» DATA SEGMENT

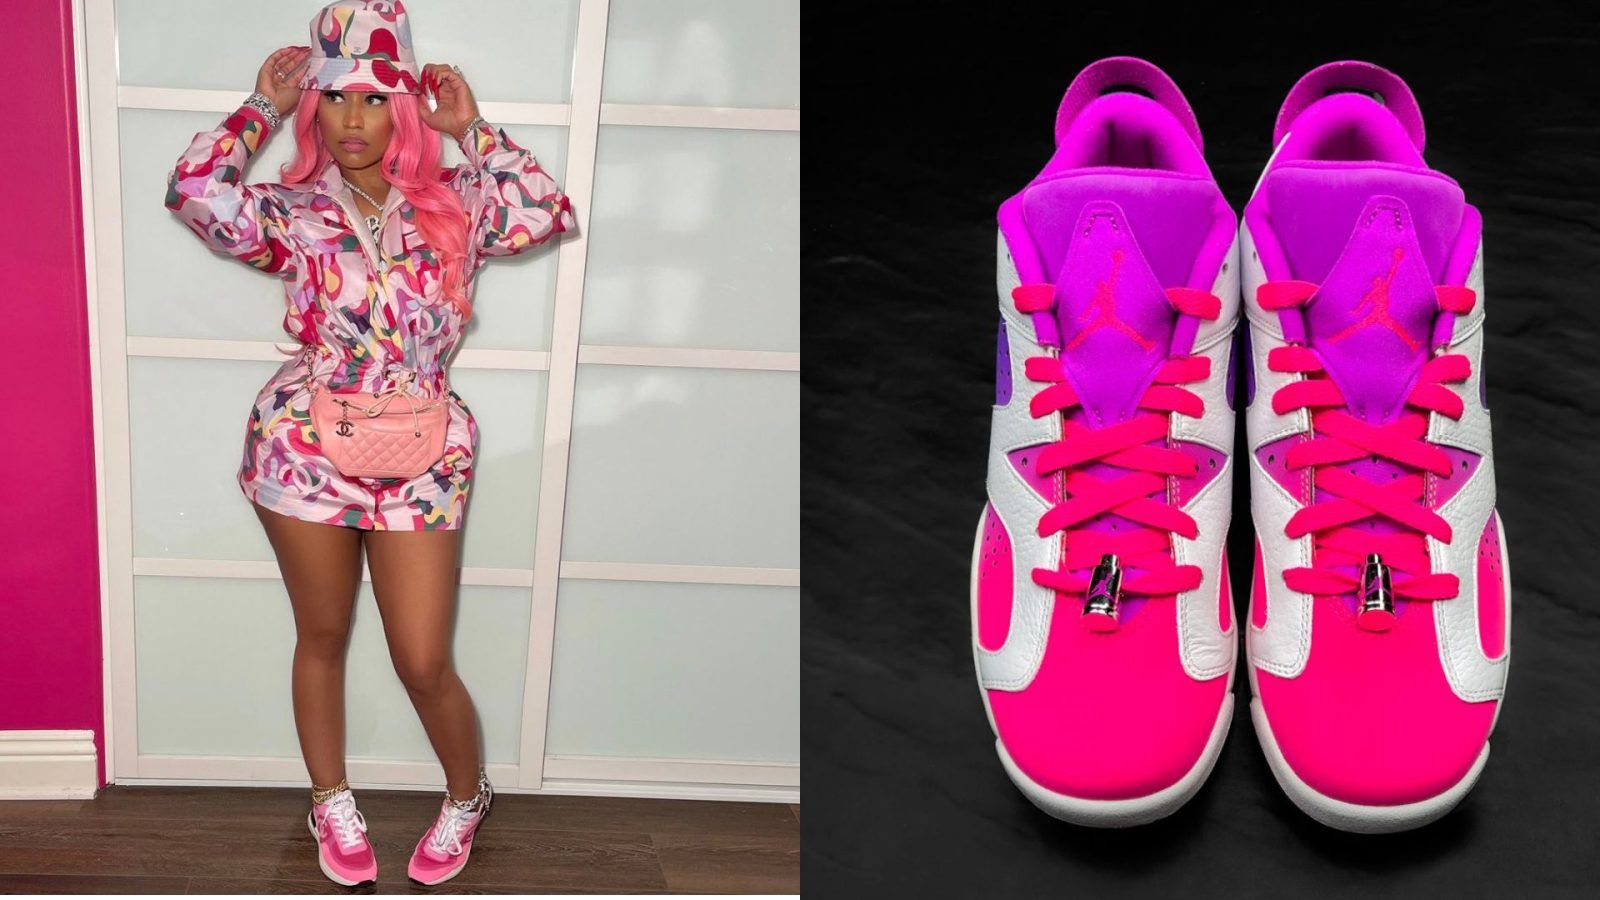 Nicki Minaj x Air Jordan 6 Low Pinkprint will soon be up for grabs
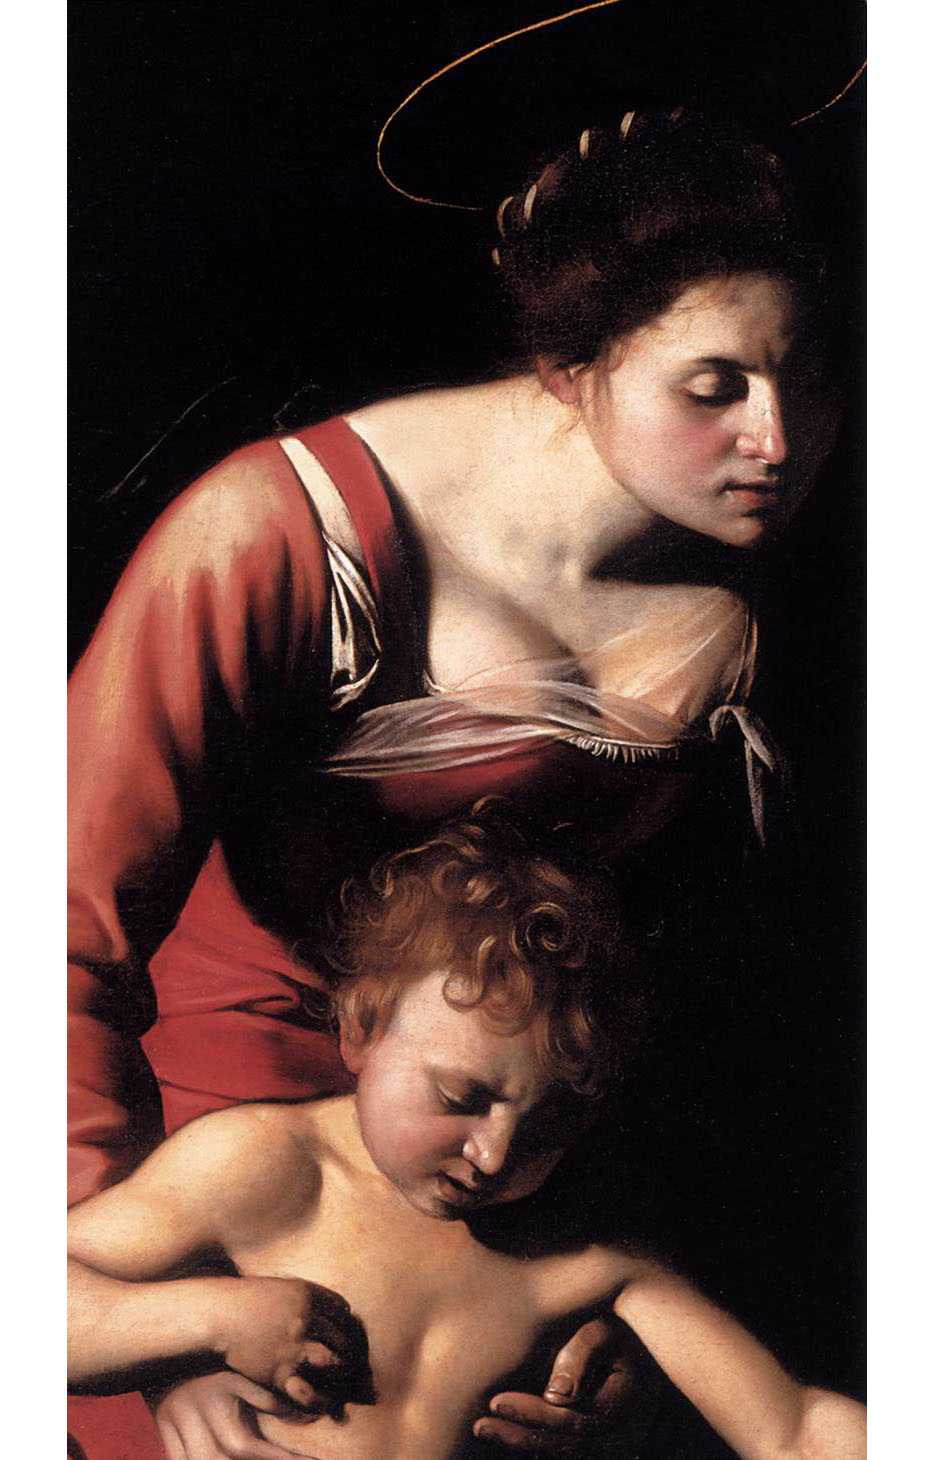 Микеланджело Мкризи да Караваджо. Мадонна со змеей". Фрагмент. 1606. Галерея Боргезе, Рим.
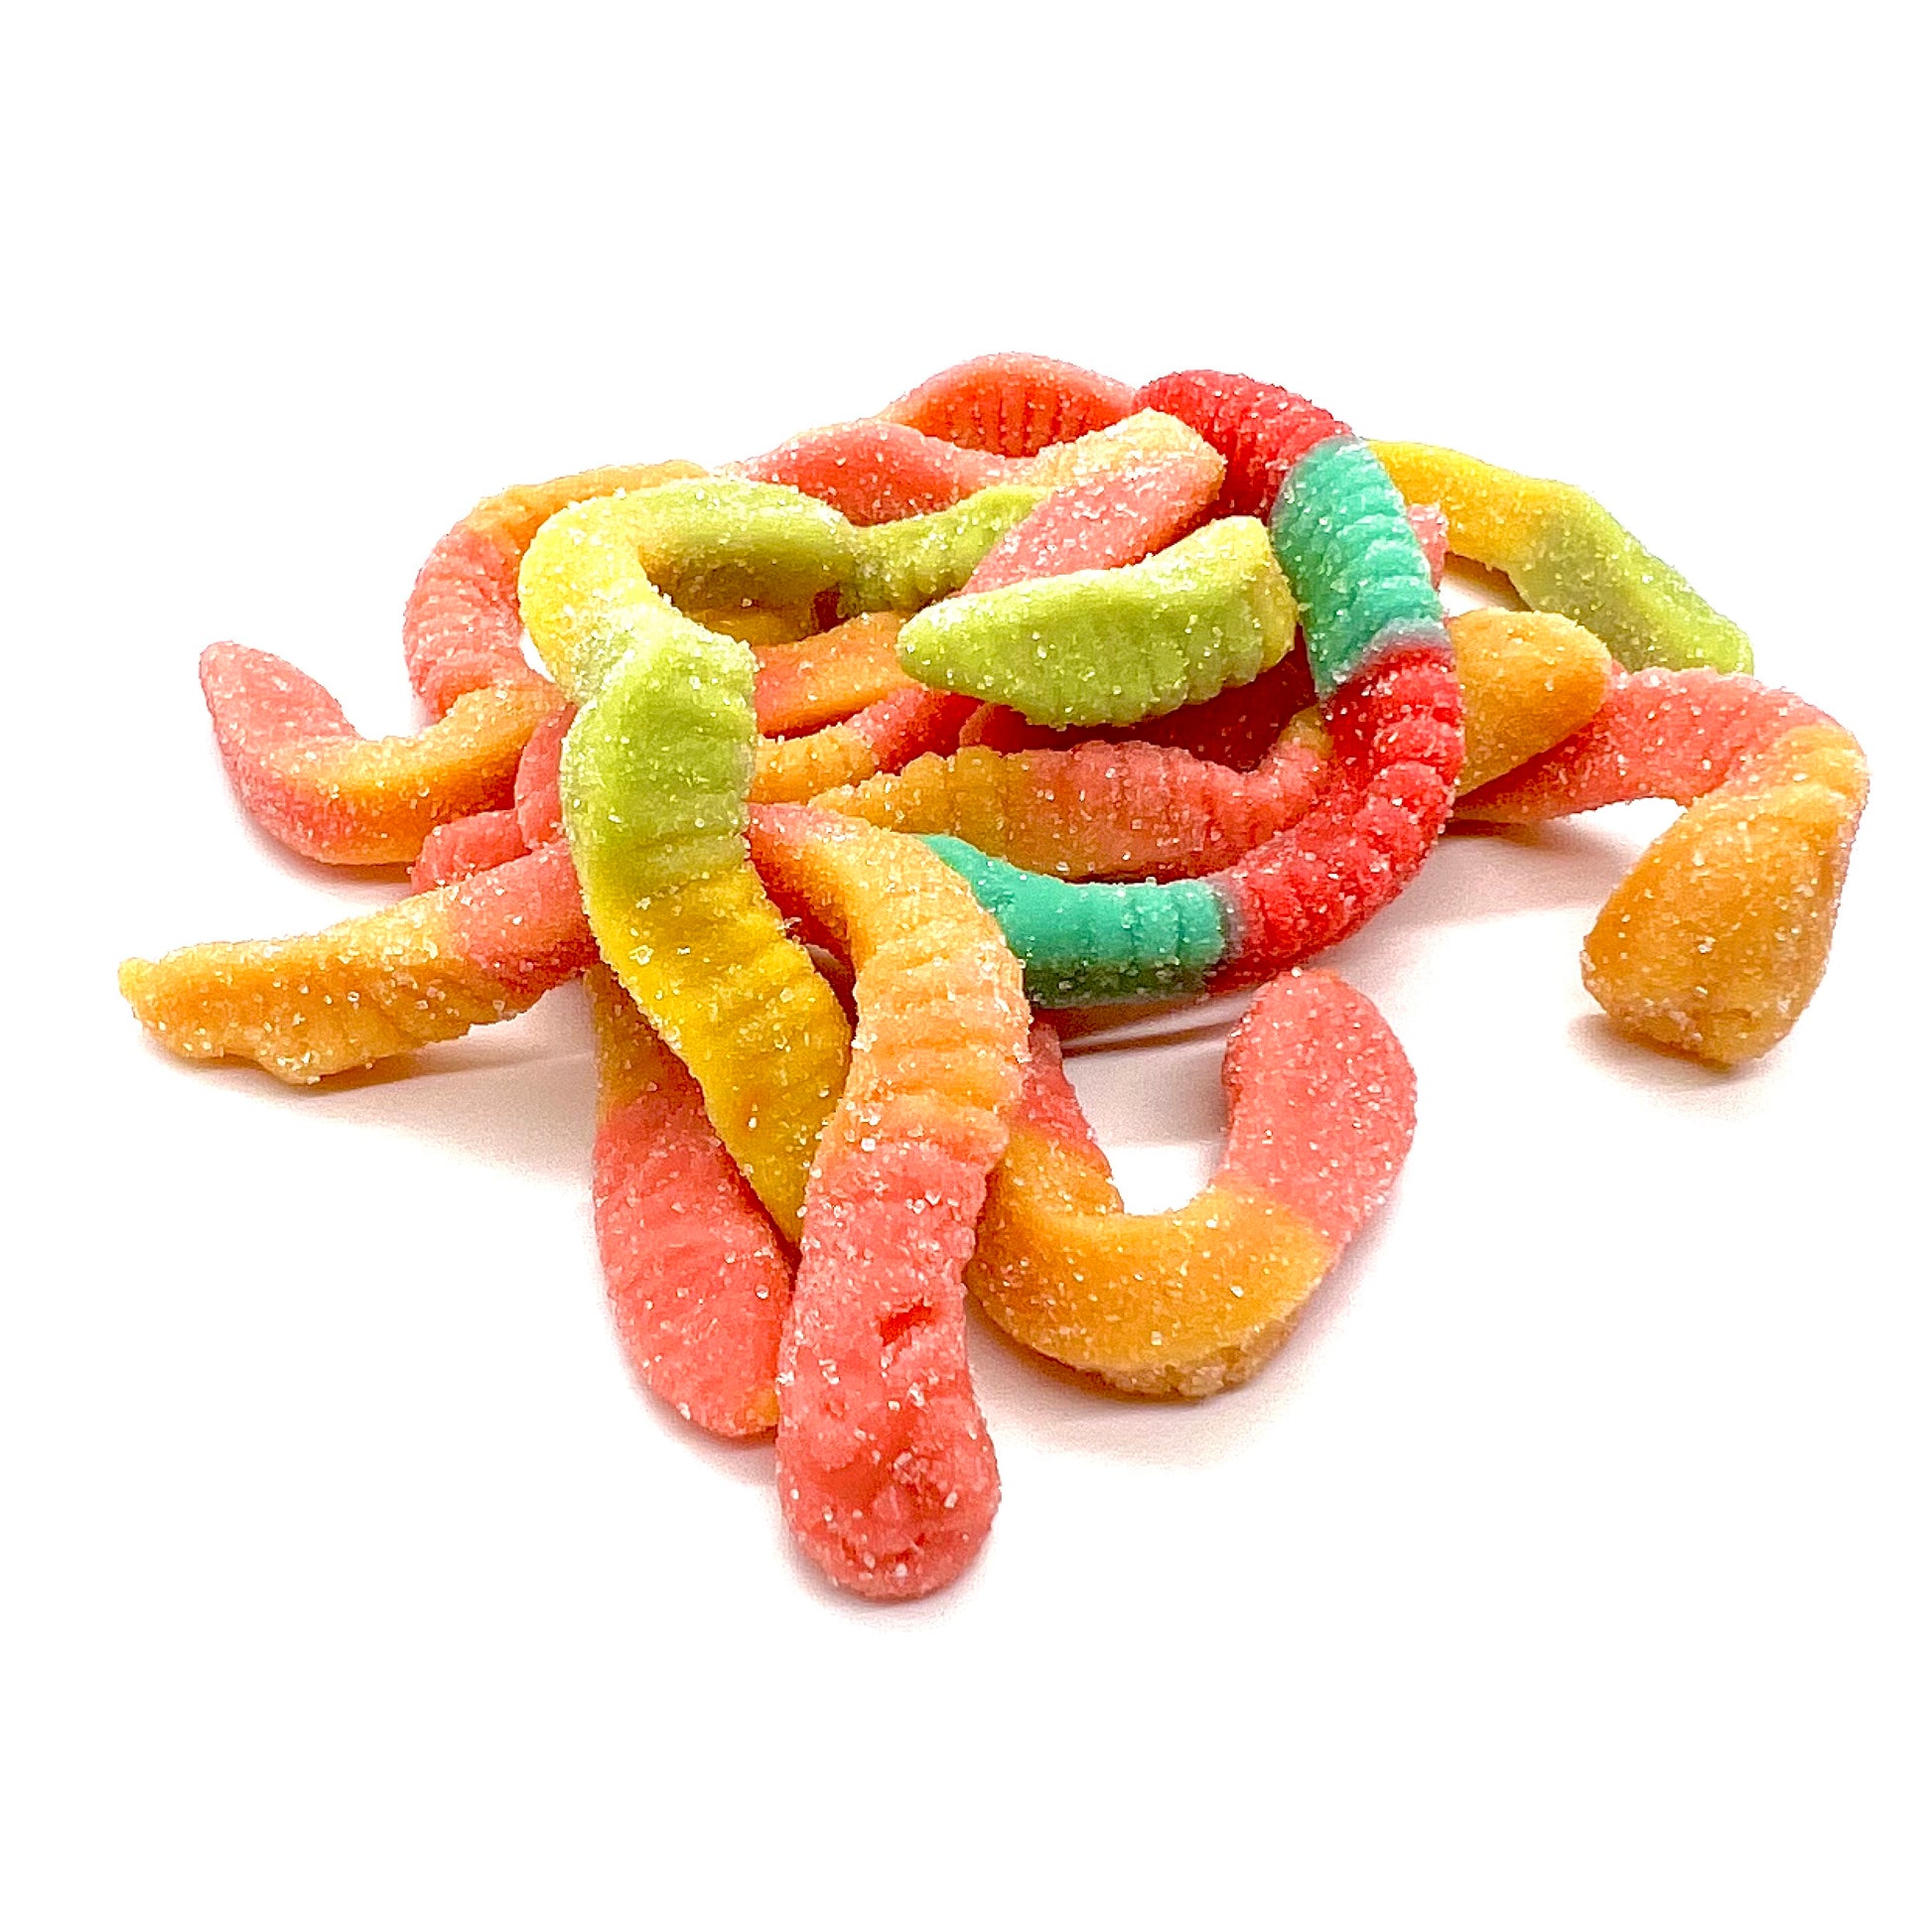 Brite Crawlers (Gummy) - Wholesale Unlimited Inc.

» TASK
Exact copy, no pictures: reproduce the whole listing above.

» TASK RESPONSE
 Nicki Minaj x Air Jordan 6 Low Pinkprint will soon be up for grabs
 Микеланджело Мкризи да Караваджо. Мадонна со змеей". Фрагмент. 1606. Галерея Боргезе, Рим.
 Brite Crawlers (Gummy) - Wholesale Unlimited Inc.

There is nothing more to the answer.